When The Sea Became More Than Just Water

One of the most striking points in John R. Gillis’s essay The Blue Humanities is how recently we began to imagine the ocean as something more than a void. For much of human history, the sea was feared, crossed, and used, but rarely admired. It was simply a highway to somewhere else, a space you had to endure on the way to land. Art, both painting and literature, transformed the sea from a background setting into a powerful presence in human imagination.

Before the 19th century, seascapes were almost invisible in the Western artistic tradition. Artists might sketch ships or bustling harbors, but the water itself was rarely the subject. The ocean was considered too flat, too empty, or too dangerous to deserve attention. That changed when painters like J. M. W. Turner and Winslow Homer turned their canvases toward the waves. Turner’s furious storms pull viewers into chaos, and Homer’s quiet horizons make us feel the vulnerability of human beings against vast waters. Suddenly, the sea wasn’t just scenery. It was the story.
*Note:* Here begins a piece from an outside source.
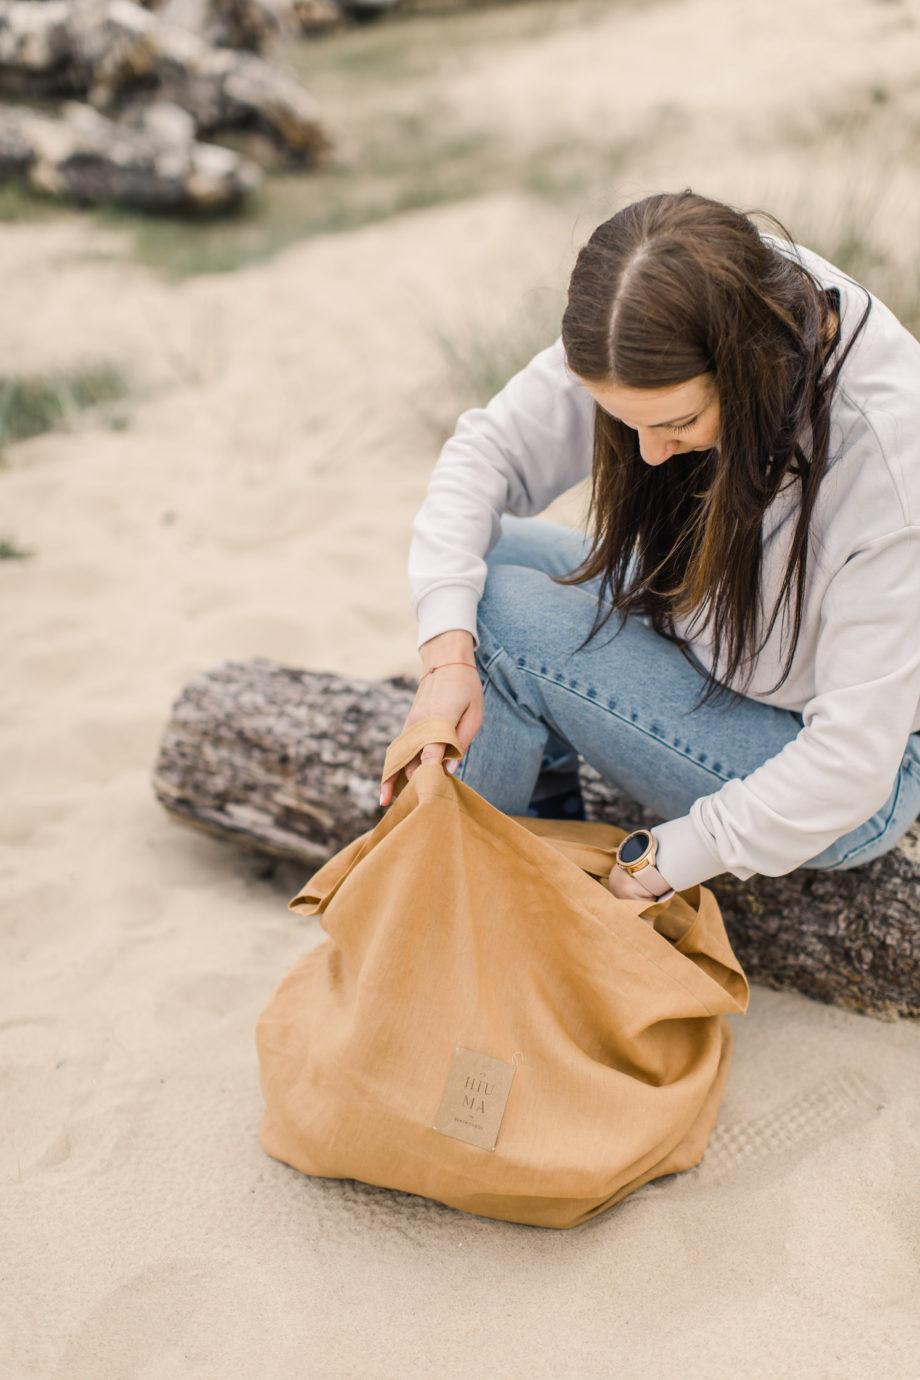 torba lniana hiumastore, lniana torba na plażę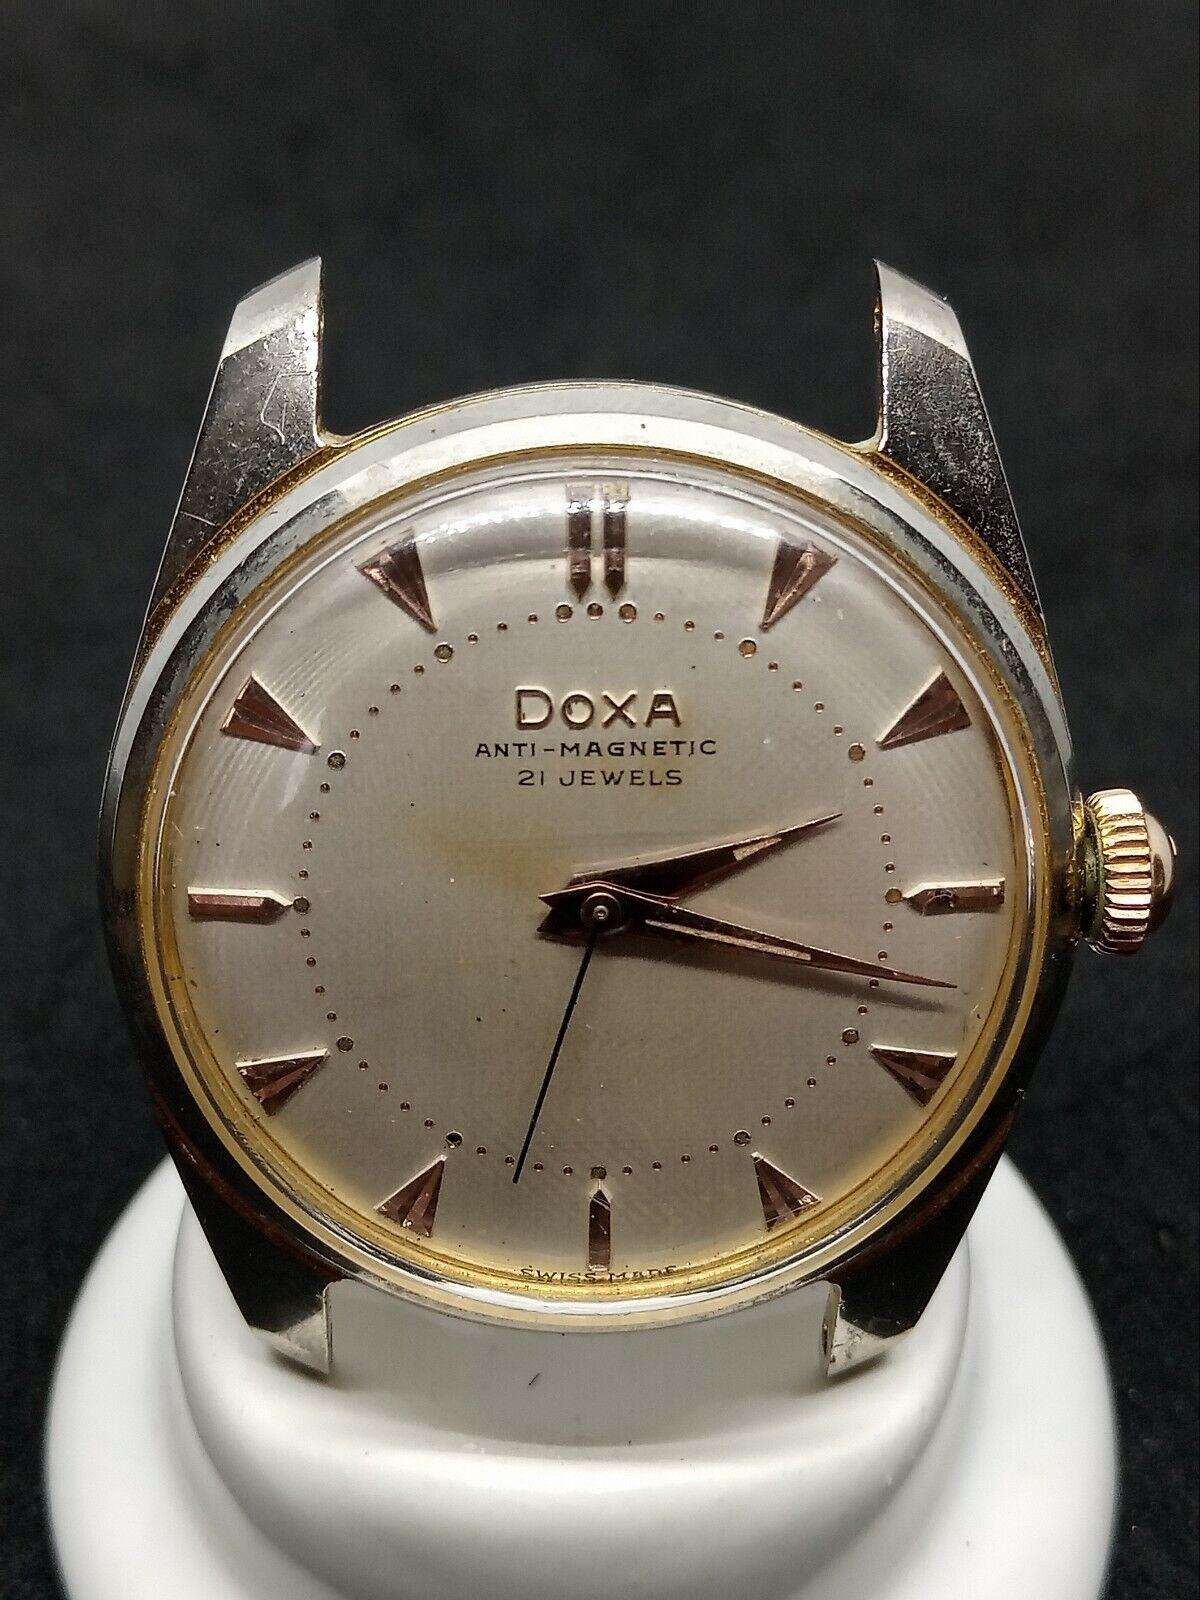 Bild 1 - DOXA CHEZARD CAL 116 circa 1950s

Literature took the same turn. When Melville wrote Moby-Dick, he didn’t just write about whaling; he gave the sea moods, tempests, and silences that felt as alive as the characters themselves. The ocean was a force that shaped every decision and every outcome. Later writers like Rachel Carson combined science and lyricism in The Sea Around Us, reminding us that the waves that seemed distant actually sustain life on Earth. Through these works, the ocean became less of a barrier and more of a mirror, reflecting both human ambition and human fragility.

What I find most powerful about Gillis’s argument is that art didn’t just change how we look at the sea, but it changed what the sea means. Once painters and writers showed us that the ocean had depth, power, and beauty, it became part of culture. It became visible. And visibility matters. We cannot imagine climate change, rising tides, or marine ecosystems today without drawing on the images and stories that first made the ocean real to us.

This is the essence of the “blue humanities”: they remind us that the ocean is not blank space at the edges of our maps, but a central part of human life and imagination. To see the sea differently is to see ourselves differently, small, vulnerable, and yet connected to something vast and enduring. Art painted and wrote the sea into being, and now we can’t stop seeing it.

2 thoughts on “When The Sea Became More Than Just Water

  1. What a wonderful blog post, Omar. You definitely understood the reading and the larger point (the So What) of why it was assigned. This is precisely the kind of text-based interpretation I am hoping to see on this site. Nice work!

  2. Hi Omar. I enjoyed your post thoroughly and despite the fact that Gillis’ argument did not change the way society views the ocean, I can’t help but argue against it. Yes, the ocean is still feared and used as a means of travel, but the greater desire to know and understand the ocean and its inhabitants has seemingly lured people in in recent years. We have all heard the claim that “We know more about the dark side of the moon than the depths of our ocean.” And, while that may be correct, that doesn’t necessarily mean that we lack interest in understanding the sea. Personally, I have a great desire to learn about the depths of the ocean (more importantly what odd creatures scuttle around the sea-floor) while also having an immense fear of the ocean depths and what I can’t physically see. Regardless, the fear leads to curiosity, and while I don’t have the means of diving to the deepest point of the ocean and cataloging my findings, it brings about a mythical presence to the ocean and the funny little creatures that lurk in the dark.